**What is being asked**
Treat the line containing "Inside Cloudflare, the" as the first line of the answer and the last line of the data as its final line, reproducing every line between exactly.

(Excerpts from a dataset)
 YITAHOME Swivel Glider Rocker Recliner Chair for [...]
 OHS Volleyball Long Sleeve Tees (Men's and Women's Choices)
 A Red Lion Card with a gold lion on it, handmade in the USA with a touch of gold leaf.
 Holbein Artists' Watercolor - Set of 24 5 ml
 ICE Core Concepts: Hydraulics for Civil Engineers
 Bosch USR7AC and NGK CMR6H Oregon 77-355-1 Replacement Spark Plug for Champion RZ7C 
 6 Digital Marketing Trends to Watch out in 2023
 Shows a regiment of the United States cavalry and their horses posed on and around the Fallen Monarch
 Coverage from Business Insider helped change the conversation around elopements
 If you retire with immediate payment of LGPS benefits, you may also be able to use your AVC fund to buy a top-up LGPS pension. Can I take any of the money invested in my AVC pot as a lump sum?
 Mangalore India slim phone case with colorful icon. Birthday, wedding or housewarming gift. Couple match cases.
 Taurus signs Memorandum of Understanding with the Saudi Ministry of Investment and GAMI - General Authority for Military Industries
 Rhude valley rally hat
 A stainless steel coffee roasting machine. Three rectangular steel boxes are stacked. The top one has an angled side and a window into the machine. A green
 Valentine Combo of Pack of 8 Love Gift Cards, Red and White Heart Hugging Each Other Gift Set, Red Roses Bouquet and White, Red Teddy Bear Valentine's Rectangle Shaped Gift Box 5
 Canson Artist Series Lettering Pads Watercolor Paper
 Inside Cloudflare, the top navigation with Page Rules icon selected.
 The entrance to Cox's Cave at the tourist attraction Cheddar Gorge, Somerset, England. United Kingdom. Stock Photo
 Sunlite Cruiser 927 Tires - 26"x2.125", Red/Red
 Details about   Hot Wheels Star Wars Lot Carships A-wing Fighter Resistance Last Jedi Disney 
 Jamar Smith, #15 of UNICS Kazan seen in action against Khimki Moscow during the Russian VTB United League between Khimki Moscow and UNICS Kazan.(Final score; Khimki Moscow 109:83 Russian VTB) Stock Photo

**Response area**
 Inside Cloudflare, the top navigation with Page Rules icon selected.
 The entrance to Cox's Cave at the tourist attraction Cheddar Gorge, Somerset, England. United Kingdom. Stock Photo
 Sunlite Cruiser 927 Tires - 26"x2.125", Red/Red
 Details about   Hot Wheels Star Wars Lot Carships A-wing Fighter Resistance Last Jedi Disney 
 Jamar Smith, #15 of UNICS Kazan seen in action against Khimki Moscow during the Russian VTB United League between Khimki Moscow and UNICS Kazan.(Final score; Khimki Moscow 109:83 Russian VTB) Stock Photo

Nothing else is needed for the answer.